Friday, March 4, 2011

Next Book: Bug Out Vehicles and Shelters

As I've mentioned recently, I'm currently working on another book project that will be a follow-up to Bug Out: The Complete Plan for Escaping a Catastrophic Disaster Before It's Too LateSome of  you may already be aware of the title if you've visited my author's page on Amazon lately, as the new book is now listed on Amazon along with the cover.  Here is the first version of the cover, which will be changed as the vehicle shown is not really representative of the type of vehicles the book describes, but was simply used by the designer to have something to tie the concept together:  

As you know, the original Bug Out covers bug-out vehicles and transportation options in Chapter Four.  I feel this subject easily merits expansion into a full-book, however, as your means of getting out of a danger zone to your safe bug-out location is a large part of any bug-out plan. 

Bug Out Vehicles and Shelters: Build and Outfit Your Life-Saving Escape will cover not only the kinds of vehicles you might chose to make your escape, but also those vehicles that can be set up to become mobile retreats on their own.  These escape vehicles and mobile retreats will include options for overland travel as well as on the water, depending on your particular needs.  In addition, there will be a section on a variety of shelters both movable and fixed that can be set up in advance in your bug-out location.  This sort of pre-planned bug-out retreat will enable you to be even more prepared for a stay away from home than you would be if you were simply carrying everything on your back, and will also make the bug-out option more viable for families.  As was touched on briefly in Chapter Four of Bug Out, there will be a section on additional equipment or back-up alternatives such as bicycles, ATVs, canoes, kayaks, etc. that can be used when conventional vehicles cannot.

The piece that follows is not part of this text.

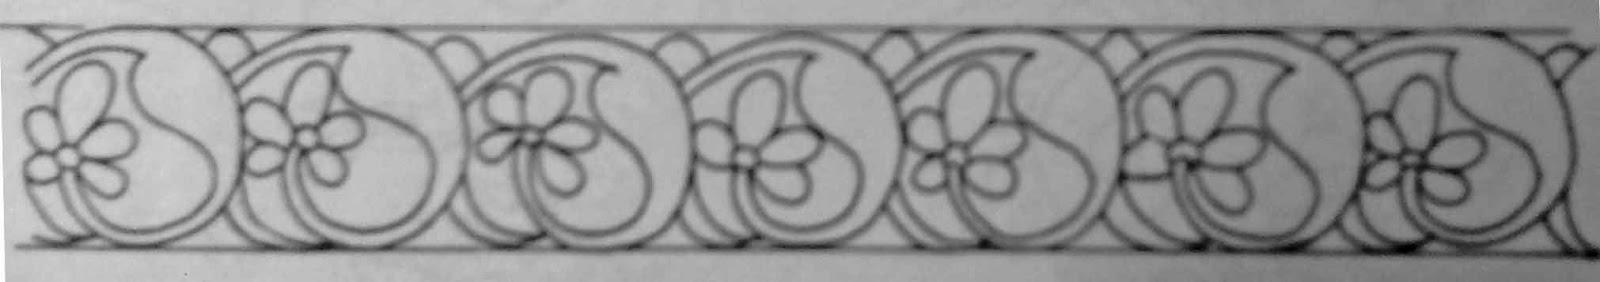 The Fashion Board Hand Embroidery Designs

The reason I feel a book is needed on this subject is to provide much more detail in how to choose, outfit and use these various options.  It is this kind of knowledge and preparation that will make your bug-out plan work and that will separate you from the refugees who might be haphazardly fleeing a SHTF scenario with no idea where they are are going.

But whether they are ever needed or not, unlike many other forms of prepping, you'll likely find that researching, acquiring and setting up bug-out vehicles and shelters can be an enjoyable form of recreation in an of itself.  Writing about them is equally enjoyable, but it's hard to sit at a computer and do so without wanting to shut it down and bug-out if only for a few hours, as many of these vehicles are also a great means to escape the everyday world and head out into the woods or onto the water.  But since it is scheduled to be published in September this year, I've got a lot of work to do.  Look for updates in the coming weeks and months.


  1. Now THATS a book I can sink my teeth into, I appreciate that topic quite a bit. Transportation is often covered in a book chapter - far too little content. Nearly everyone bugging out needs to hear their options covered in more depth.

  2. There are already a large number of aviation campers in the U.S. and Canada. Might bear mentioning.

    These large capacity STOL aircraft (some with floats/skis) represent another means of high-speed bugout. That is, assuming that the military isn't shooting flying things down. It would take a crazy bad incident/disaster, but it happened on 911.

    Many of them are designed to lay the seats down and/or with large areas in the tailcone for sleeping. The more spectacular versions can take off in less than 75 feet and land in a spot as small as 150 feet. Here are some common models:

    And if you want to see a crazy-short landing, this one is amazing! This guy lands on a mountainside in less than 30 feet. Faster than a helicopter, much more fuel efficient, and can land in nearly as small of a space.

    A caldera explodes? Assuming you get off the runway ahead of it, you can evacuate much more quickly than by land. A radio-active emergency/incident in a large city? If you get out ahead of the radioactive cloud/winds, you'll do well (if not; seal the house and stay put). A natural disaster (hurricane/earthquake) occurs? In this case, you may want to head TO the incident with an aircraft that can drop or deliver critical supplies.

    Definitely not right for every mission, but right for a lot of applications.

  3. Just pre-purchased my copy... I am looking forward reading through it...

  4. Jack,

    Thanks for the pre-order. That reminds me I have to get in gear and get a lot of writing done before my July 1 deadline on this one!

  5. Scott I can't wait for this book to come out. I have read your other books and this one should be another great one!!

  6. Bad VooDooDaddy,

    Thanks for the review of Bug Out on your blog: The Retreat (and on Amazon). I've added you to my blogroll.

  7. Scott, thanks so much for the blog roll add and can't wait to see the new book. Bug Out was excellent and a must read for anyone into survival and preparedness. Keep up the great work your doing!

  8. I'm just wrapping up reading this book, excellent content, you did a great job. I'll probably be lending out this book to someone I think is beginning to wonder if preppers are all that paranoid.

  9. Anonymous, thanks for letting me know you liked it!